** Opening Input block **
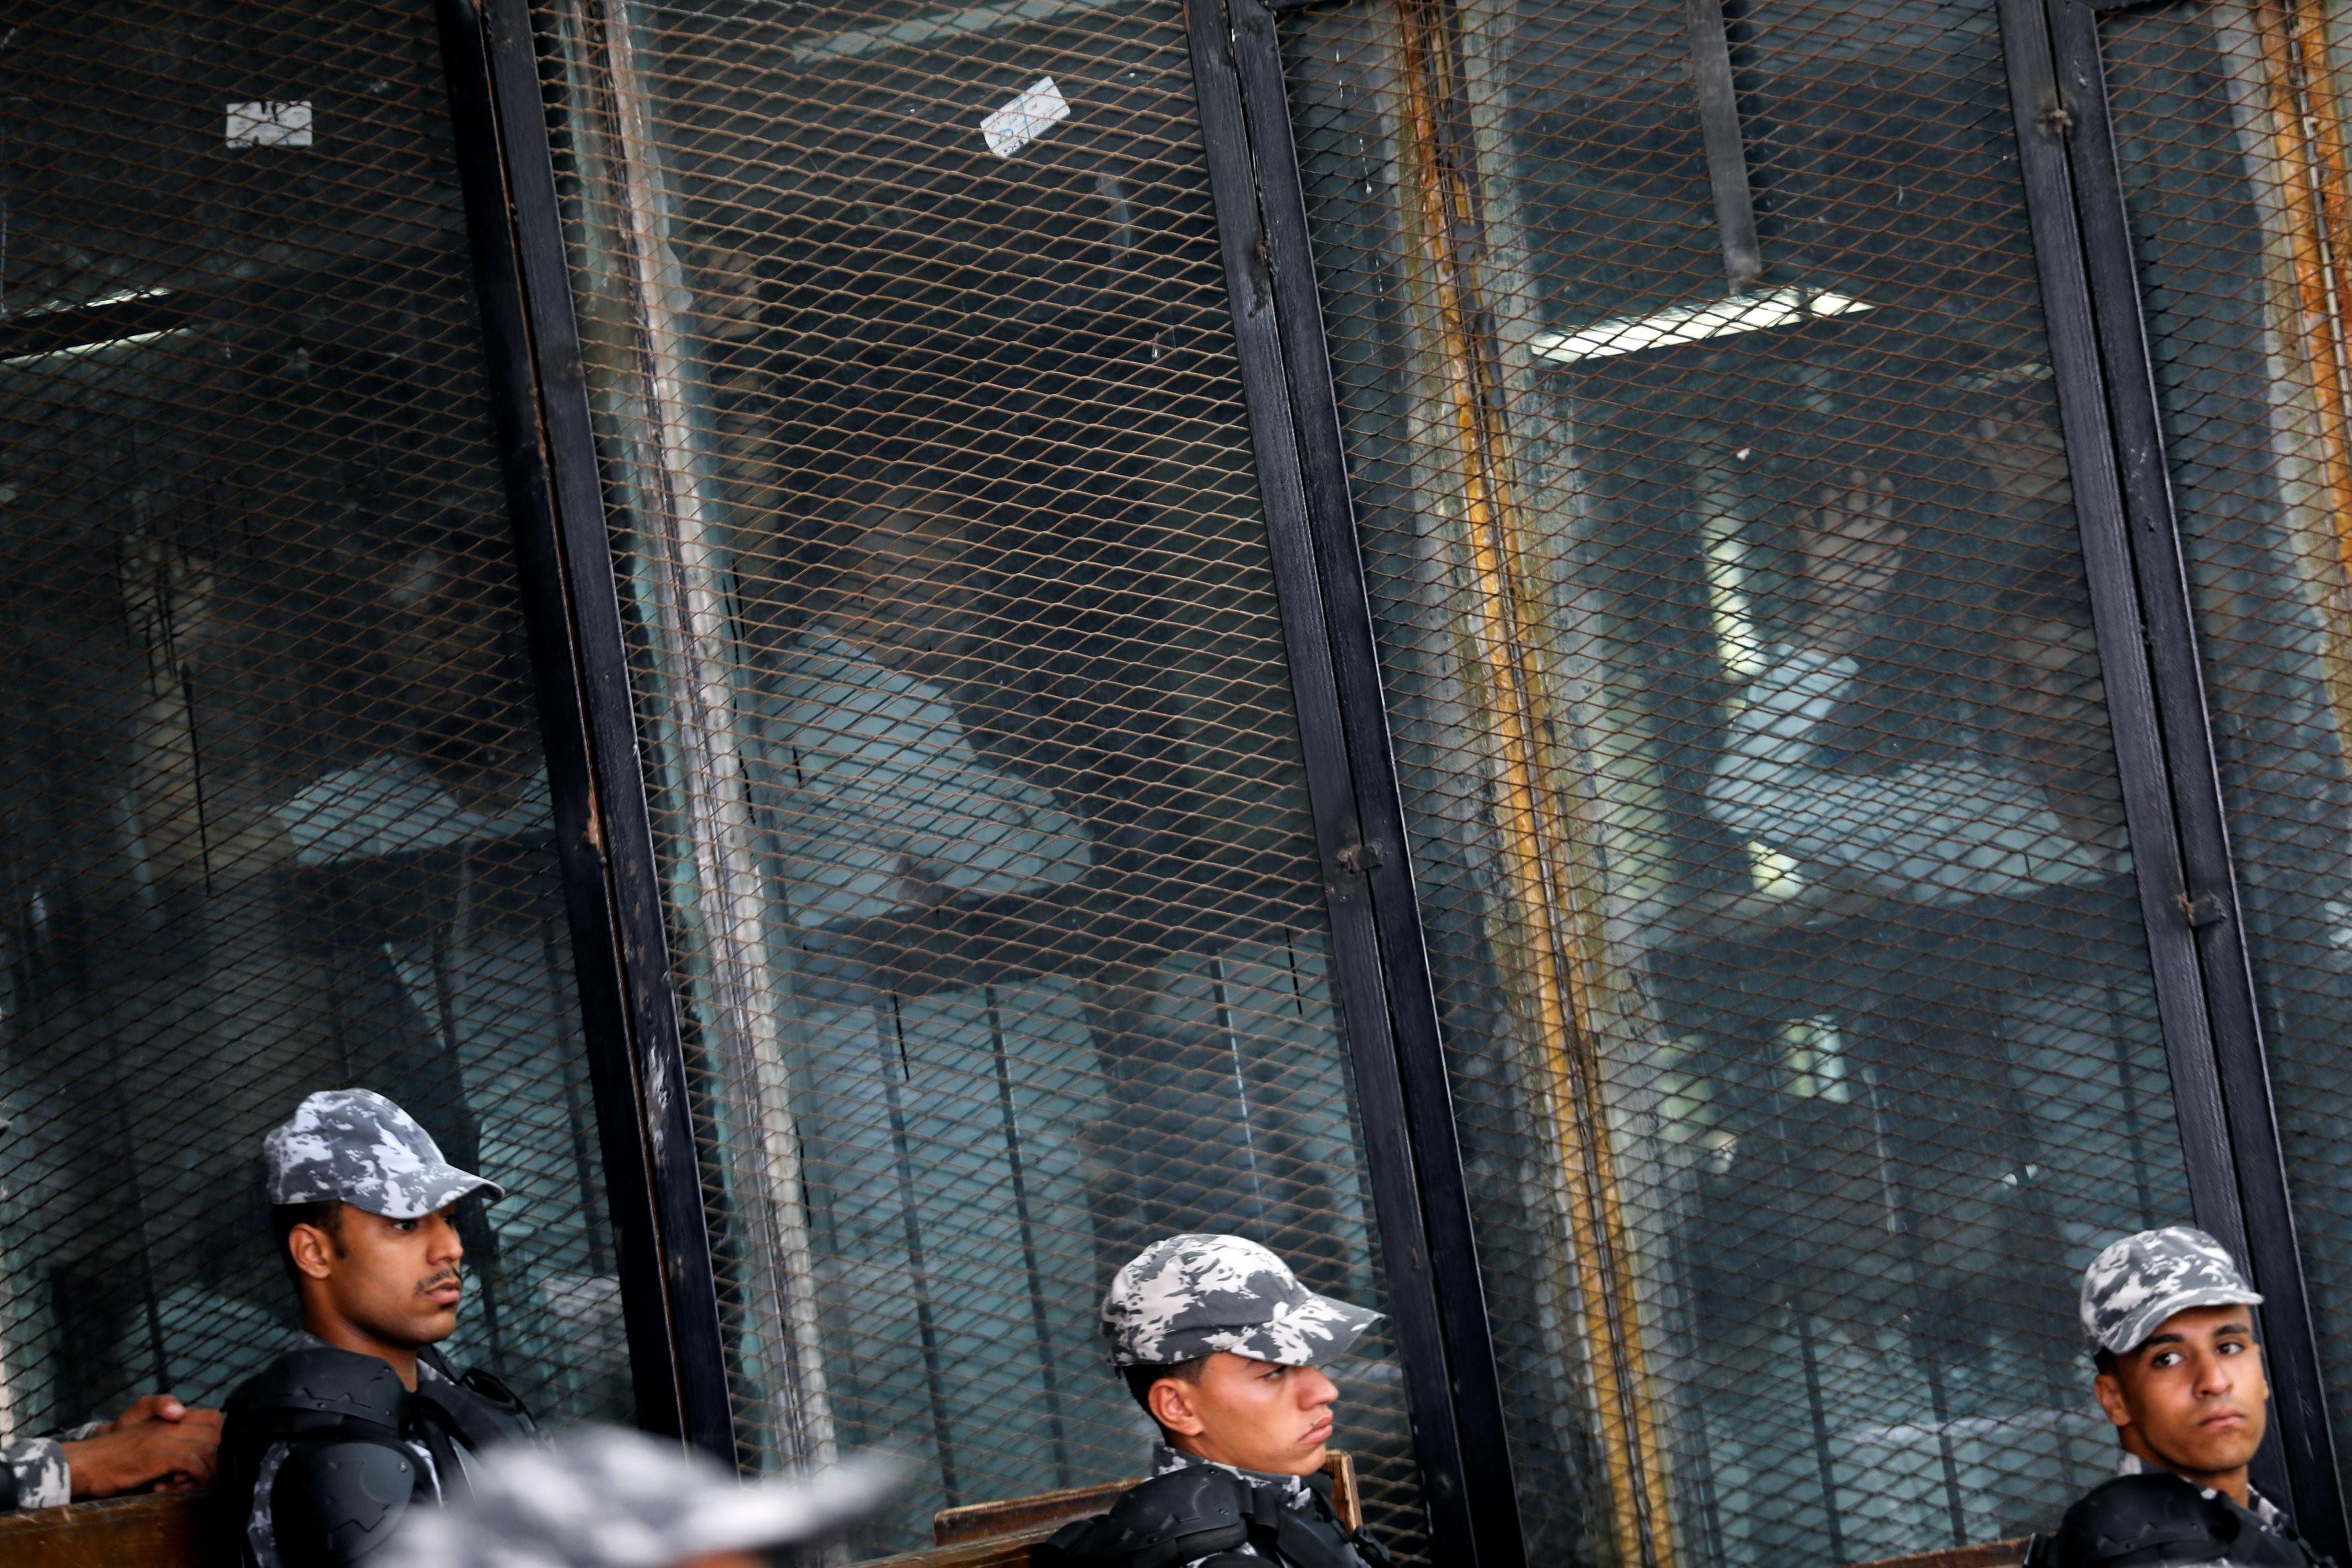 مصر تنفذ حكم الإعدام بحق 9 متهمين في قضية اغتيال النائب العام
** Closing Input block **
** Opening Input block **
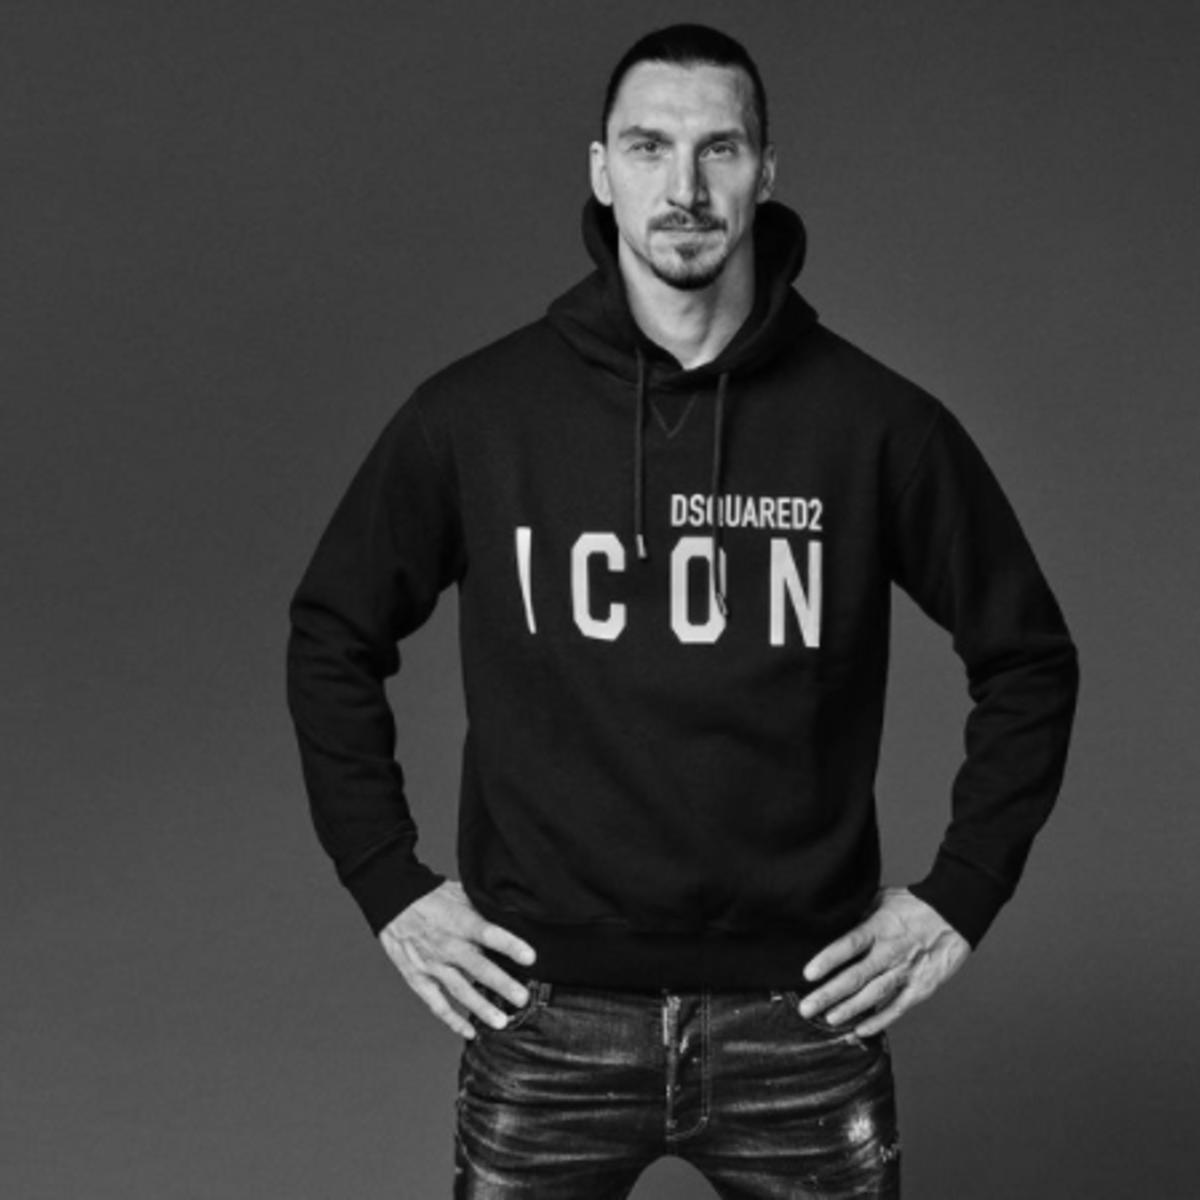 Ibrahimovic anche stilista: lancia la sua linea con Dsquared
** Closing Input block **
** Opening Input block **
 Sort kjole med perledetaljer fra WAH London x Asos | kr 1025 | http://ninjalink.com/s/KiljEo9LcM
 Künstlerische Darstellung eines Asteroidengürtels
** Closing Input block **
Activity:
Would you print exactly, and only, the lines of the data above from the line with "Sort kjole med" through the line with "Künstlerische Darstellung eines", inclusive?

Answer box:
 Sort kjole med perledetaljer fra WAH London x Asos | kr 1025 | http://ninjalink.com/s/KiljEo9LcM
 Künstlerische Darstellung eines Asteroidengürtels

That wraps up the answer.